What the experts are saying about the measles outbreak

By Matt SmithThe Washington PostA rash of outbreaks has hit the West, with at least 14 people dead and hundreds more hospitalized in the United States and Canada.
The U.S. Centers for Disease Control and Prevention (CDC) announced Monday that it had recorded nearly 5,600 cases of the disease, which is caused by a coronavirus that causes respiratory inflammation in the airways and can spread rapidly through the air.
It also announced that three new cases of measles were detected in the same area in Arizona, a state that has had a recent outbreak.
In the United Kingdom, there were 10 confirmed cases and more than 1,500 cases reported by the British Medical Association.
Officials in New Zealand reported five cases of coronaviruses and two deaths, while the New South Wales Department of Health reported one case of measles and one death.
A total of 6,904 cases of respiratory illnesses have been reported nationwide, according to the CDC.
“This is a new trend in the recent history of measles,” Dr. Gregory Hart, chief of the CDC’s Office of Surveillance and Laboratory Services, told reporters in Atlanta.
He said the new outbreaks could increase as more people who are exposed to the virus become ill.
There have been no deaths so far.
CDC officials in Atlanta confirmed on Sunday that two of the three people in the New York City area who tested positive for measles, which can be spread through direct contact with an infected person, were hospitalized.

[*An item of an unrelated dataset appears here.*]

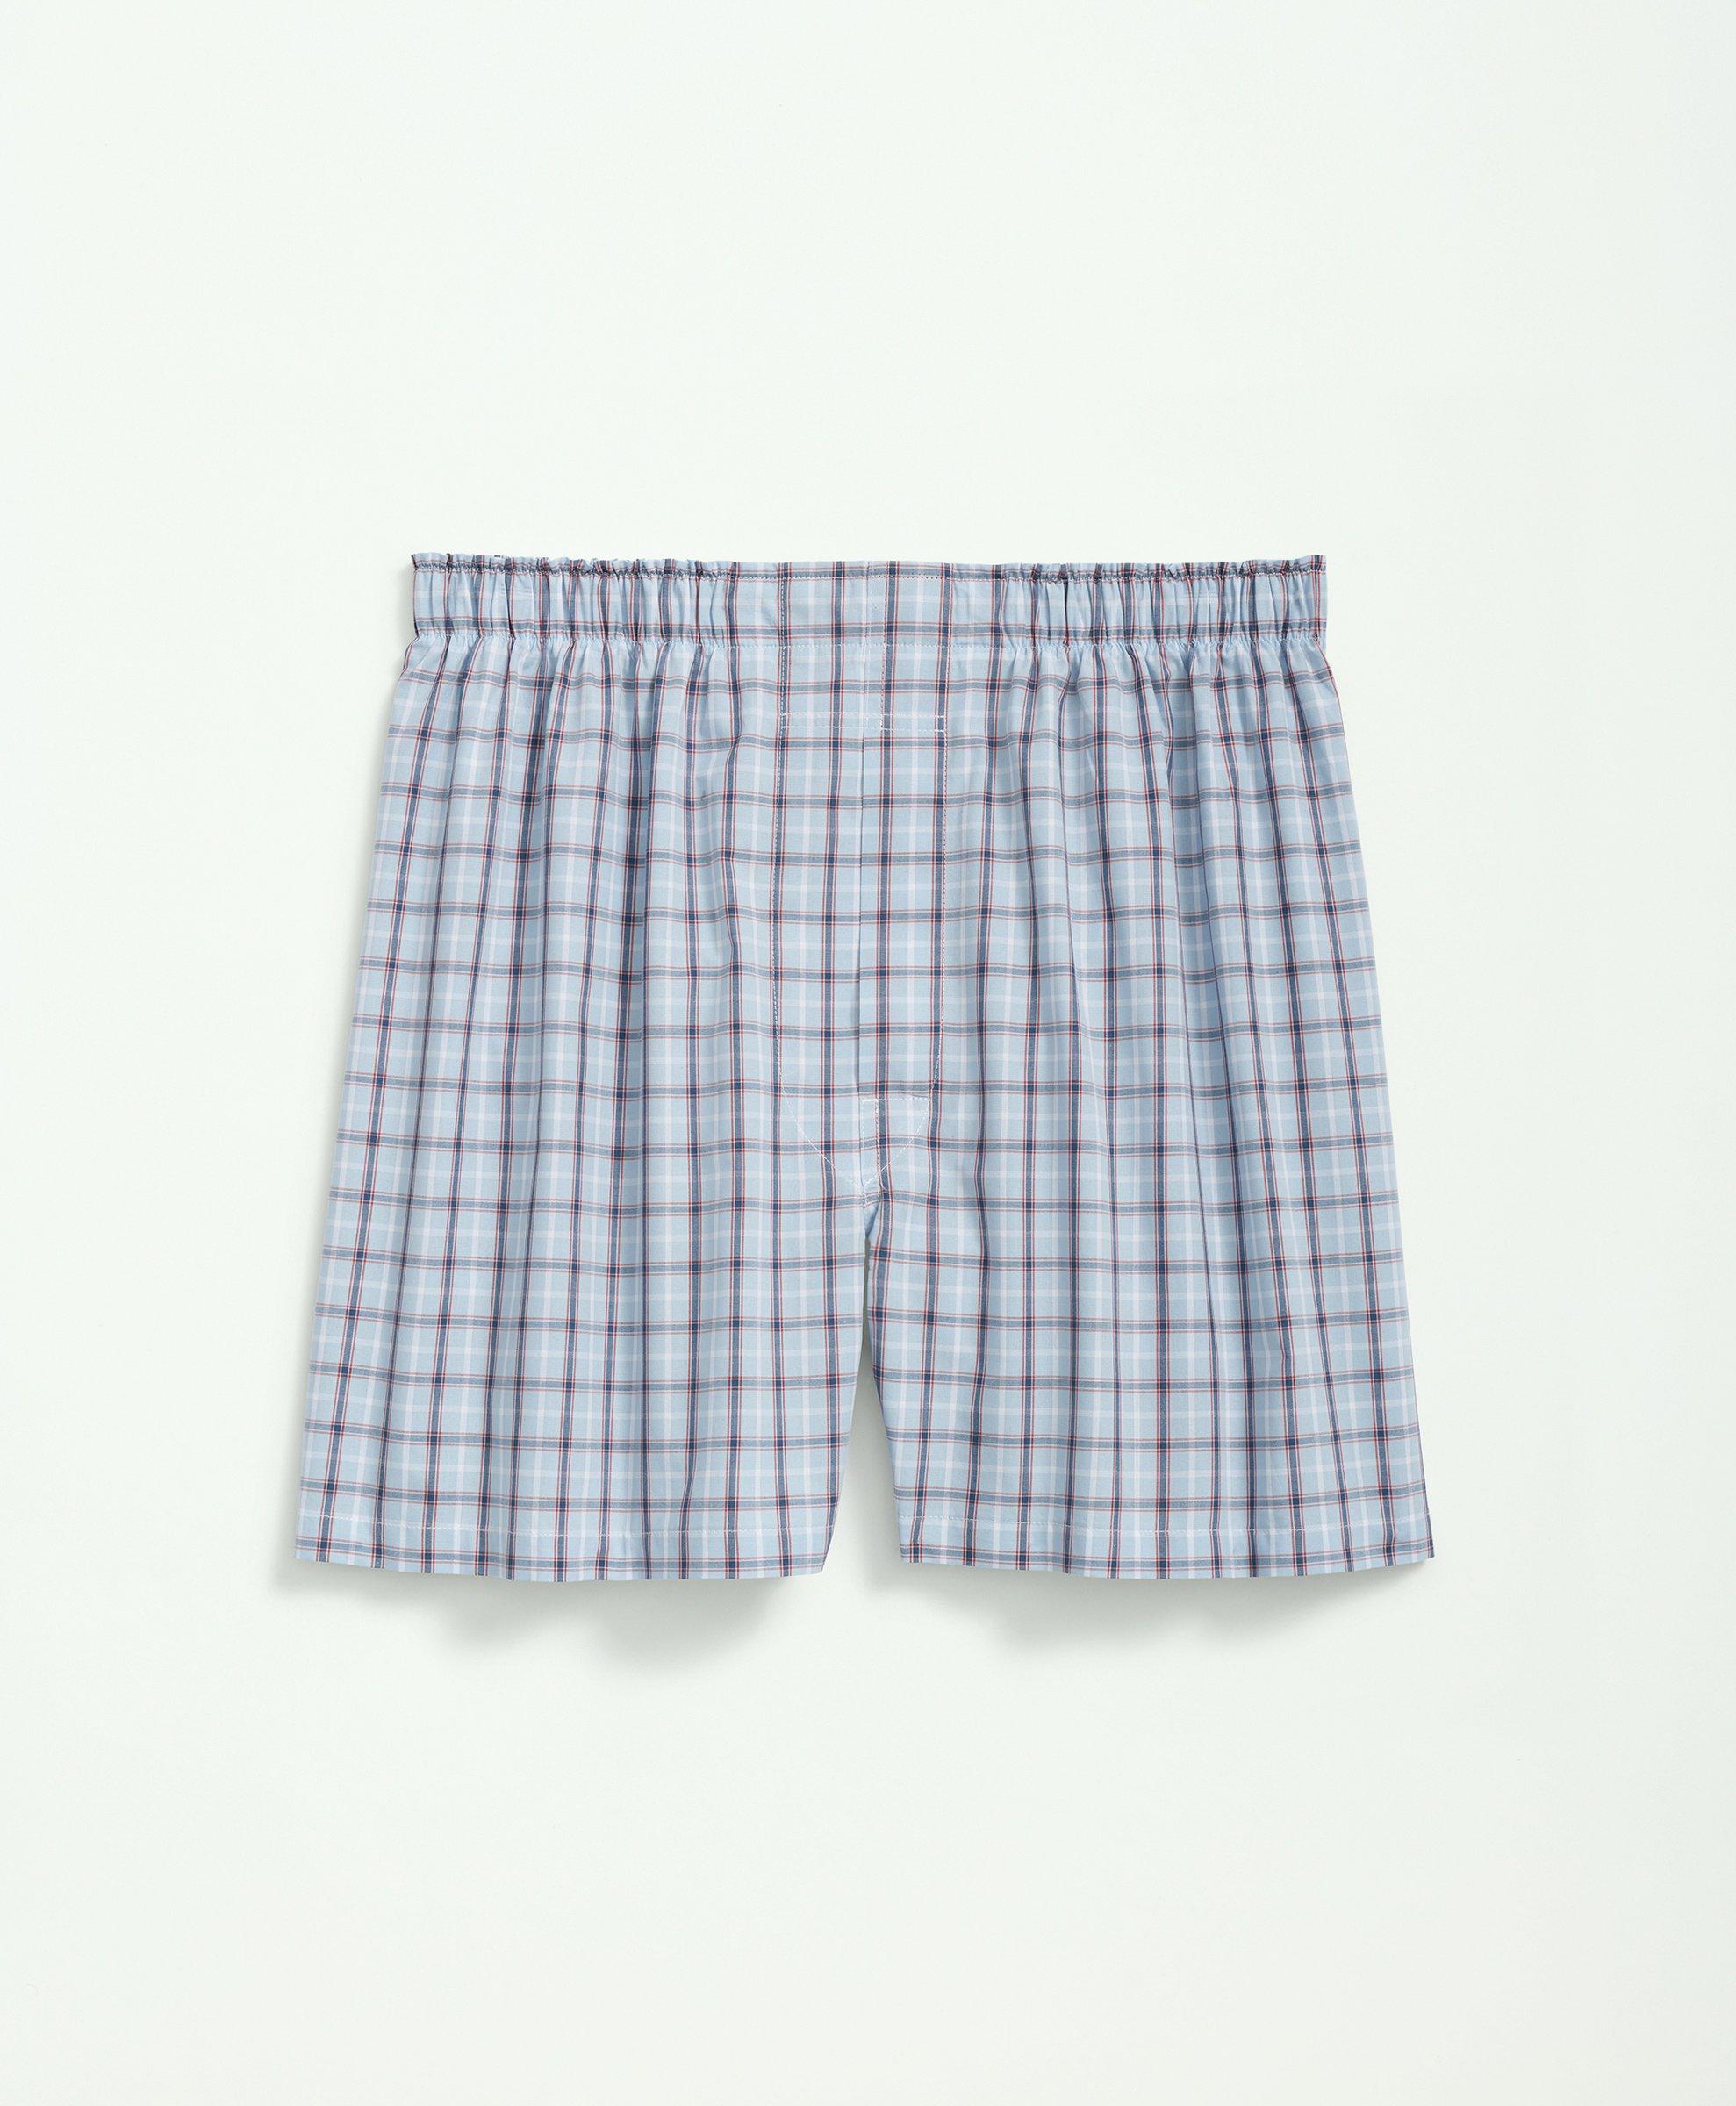 Breathable Cotton Plaid Boxer Plaid Shorts For Men Flexible, Big, And Sexy Underwear  From Merrylady, $17.86
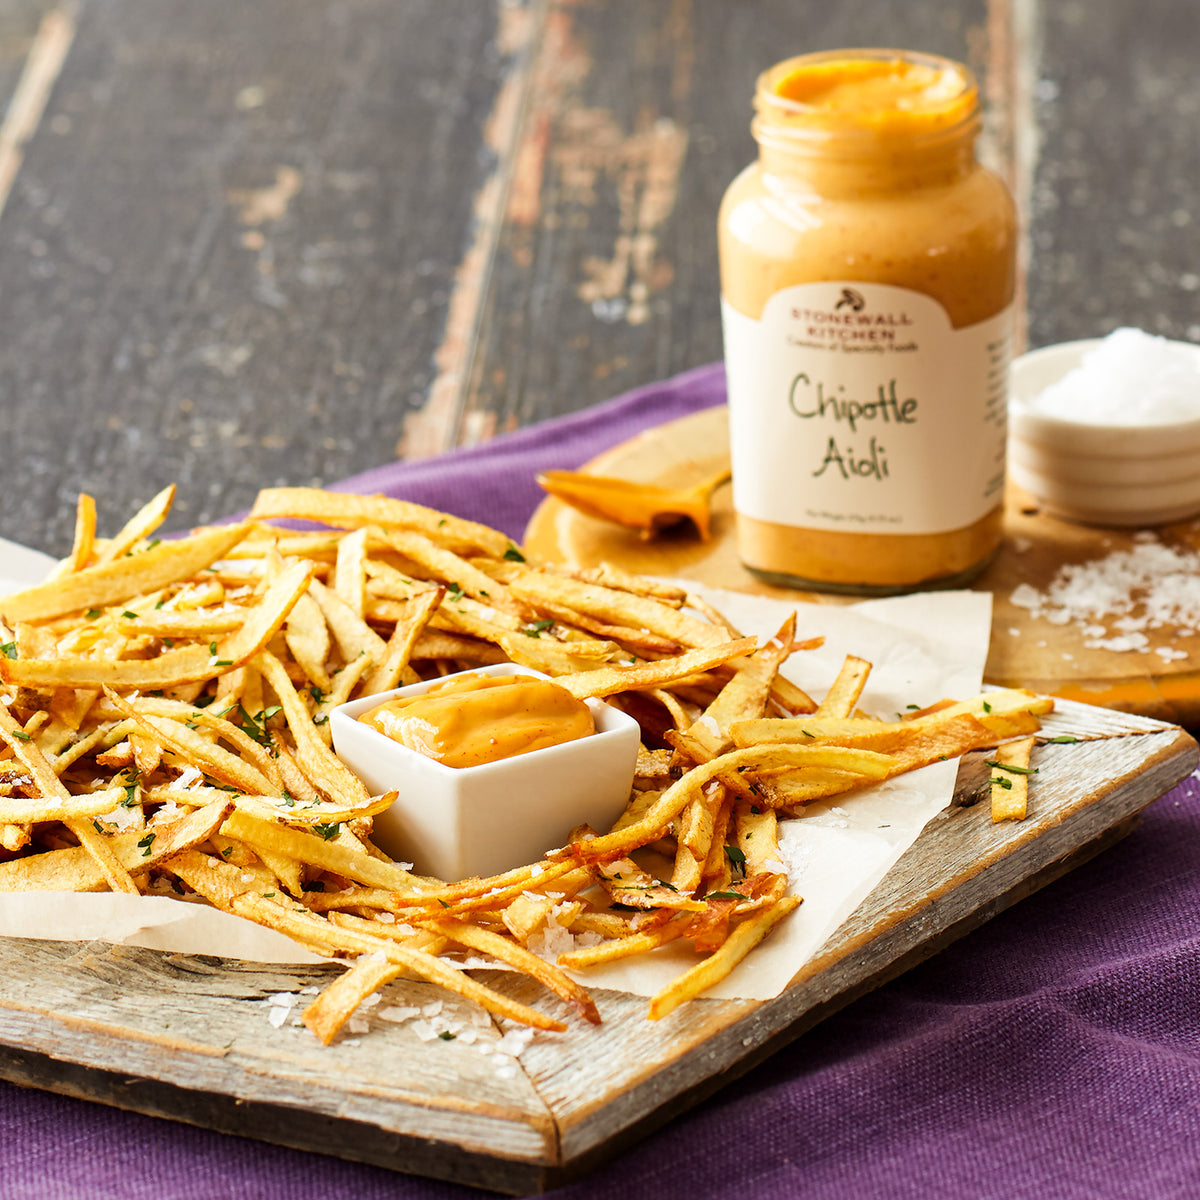 photo is a plate of french fries with a bowl of Stonewall Kitchen Chipotle Aioli for dipping

The other two patients tested positive after having been exposed to an infected individual in New York.
Hart said more than 4,000 people have been vaccinated in the U.K., and that the number of cases was likely to increase because people are more likely to go to the hospital if they catch the virus in the short-term.
Health officials in the UK also said on Sunday they had confirmed the coronaviral cases in the borough of Newham in southwest London.
Newham is about an hour northeast of London and has a population of about 1,000.
Hart said it was unclear whether any of the Newham cases were the result of direct contact.
More: More than 40 percent of the U,S.
population has already been vaccinated against measles.